Foto: Jonathan Campos
Assim, em novembro, o impacto nas exportações de carne de frango do Rio Grande do Sul registrou crescimento de 16,5%, ou seja, 9,2 mil toneladas a mais do que em novembro de 2023, que foi de 55,9 mil toneladas. Em receita, a elevação em novembro deste ano foi de 26,9%, atingindo a faixa de US$ 125,8 milhões, ou seja, US$ 26,6 milhões a mais do que o registrado em novembro de 2023, que ficou na faixa de US$ 99,2 milhões.

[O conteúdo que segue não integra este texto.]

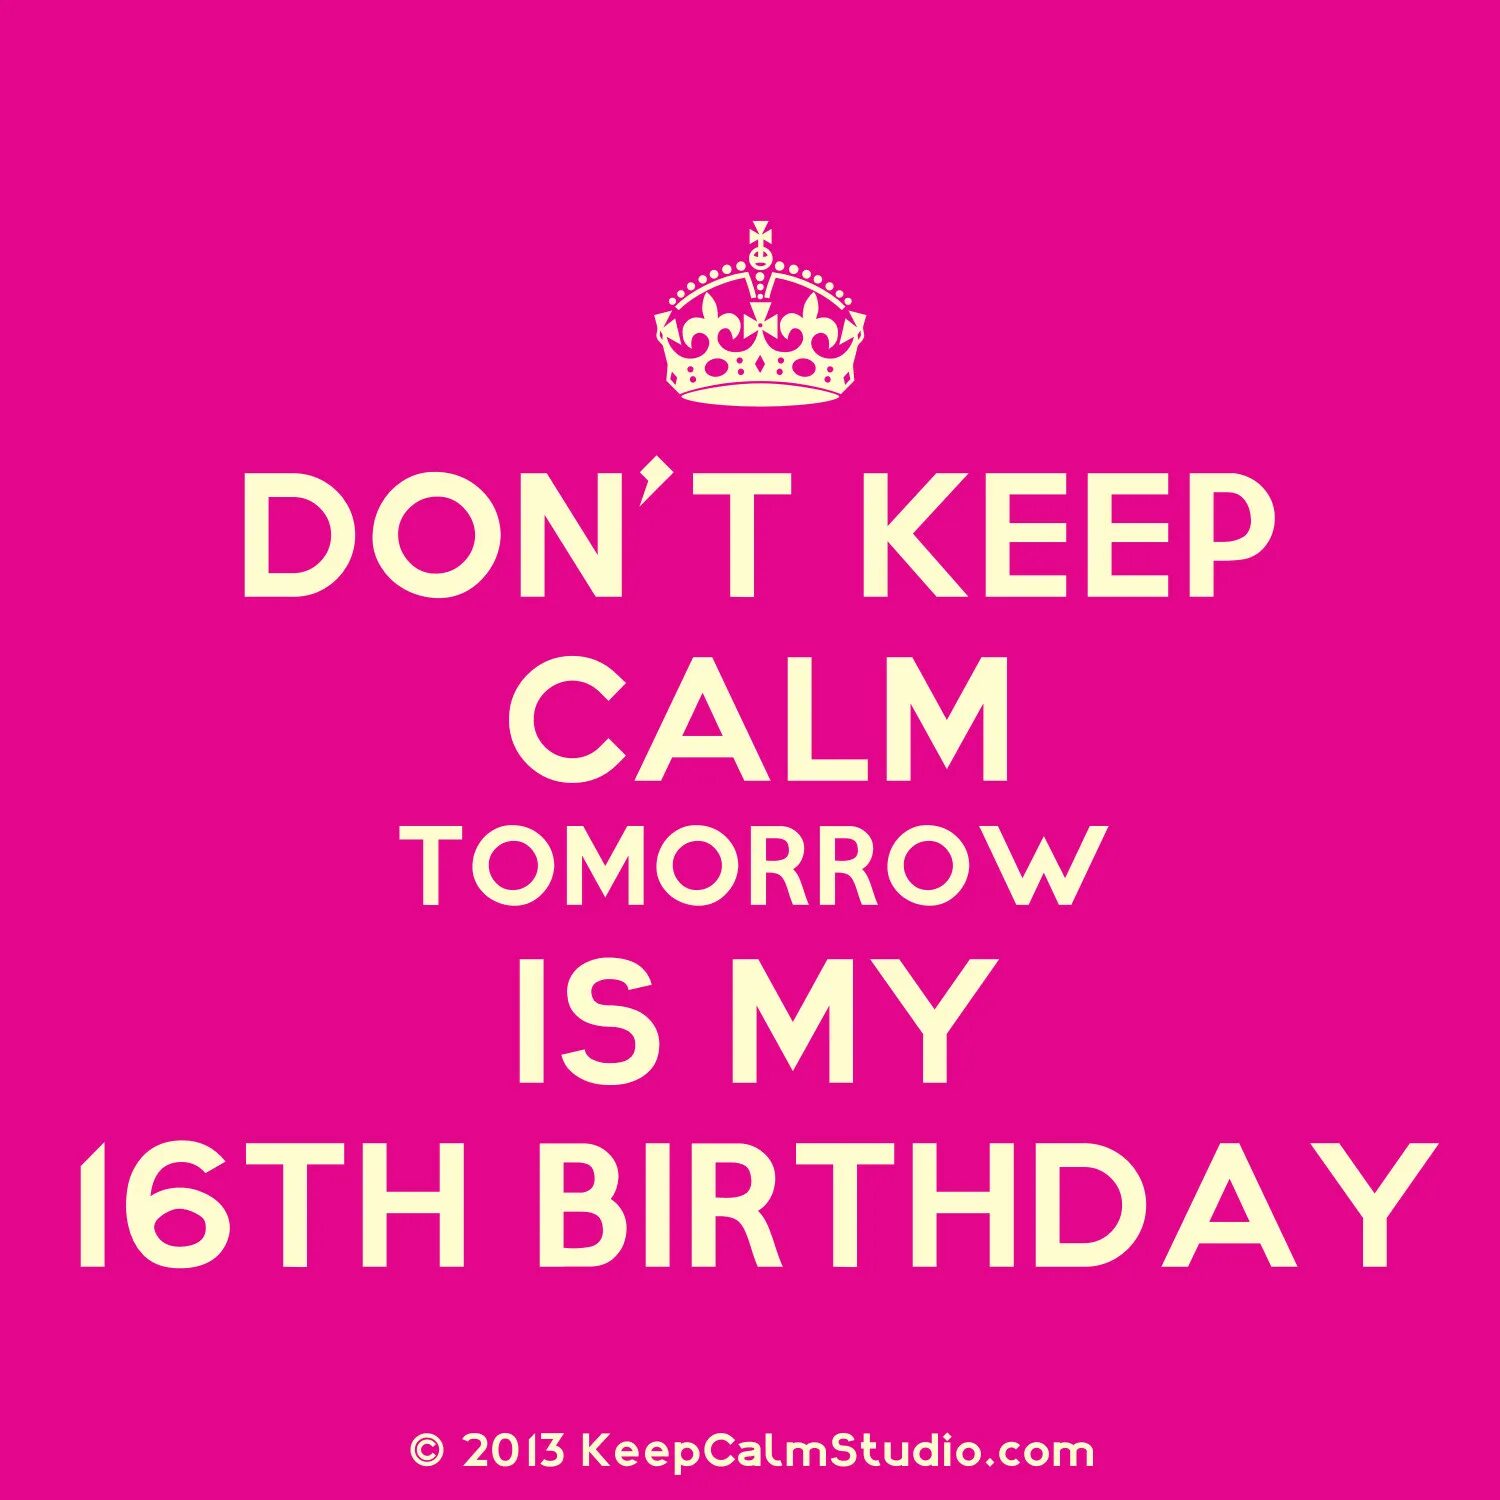 5 класс its my birthday. Tomorrow is my Birthday. Tomorrow my Birthday. Its my Birthday tomorrow. My Birthday is.

No acumulado do ano (de janeiro a novembro de 2024), o setor acusa redução de -5,3% sobre o mesmo período de 2023, ou seja, as exportações de carne de frango neste período ficaram em 636,1 mil toneladas, queda de 35,2 mil toneladas sobre o volume de 2023, que registrou 671,4 mil toneladas exportadas.
Já nas receitas do ano (de janeiro a novembro de 2024), a queda foi de -13%, ficando em US$ 1,158 bilhão, ou seja, US$ 173 milhões de queda nas receitas sobre o faturamento de 2023, que registrou US$ 1,331 bilhão.

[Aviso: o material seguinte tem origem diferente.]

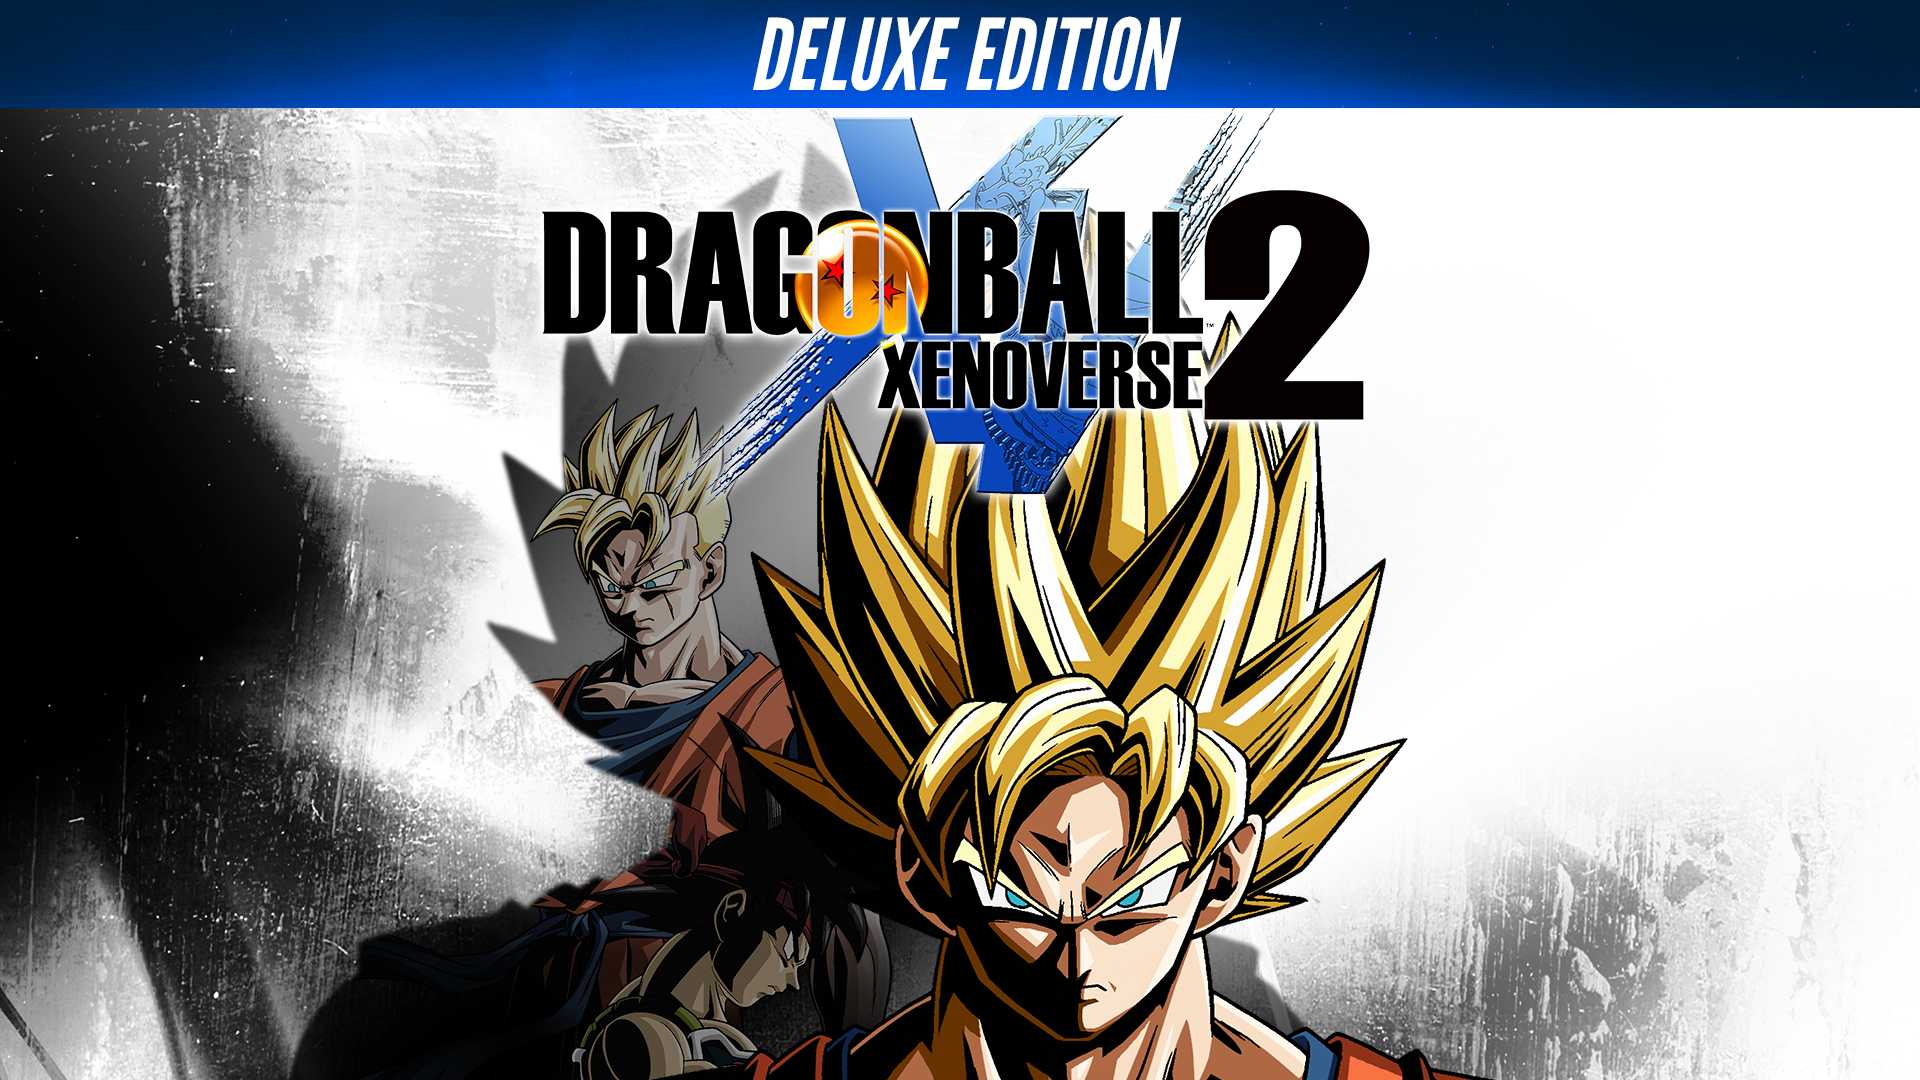 Buy DRAGON BALL XENOVERSE 2 - Extra DLC Pack 4 - Microsoft Store en-IL

Prejuízos estimados até novembro
Assim, no acumulado até novembro de 2024 das exportações avícolas do Rio Grande do Sul de carne de frango, podemos estimar um prejuízo com caso de NewCastle na ordem de US$ 173 milhões, referente a 35,2 mil toneladas que deixaram de ser exportadas no período.
No entanto, vale observar que determinada região do Rio Grande do Sul foi afetada com as enchentes em maio de 2024, mas que o efeito nas exportações não foi tão expressivo, já que não houveram embargos, mas sim readequação de período e locais de embarques.

Fotos: Rodrigo Félix Leal
O setor vinha com expectativas e estimativas de crescimento nas exportações de carne de frango do Rio Grande do Sul na ordem de 3% a 4% para 2025, resultado que não será alcançado.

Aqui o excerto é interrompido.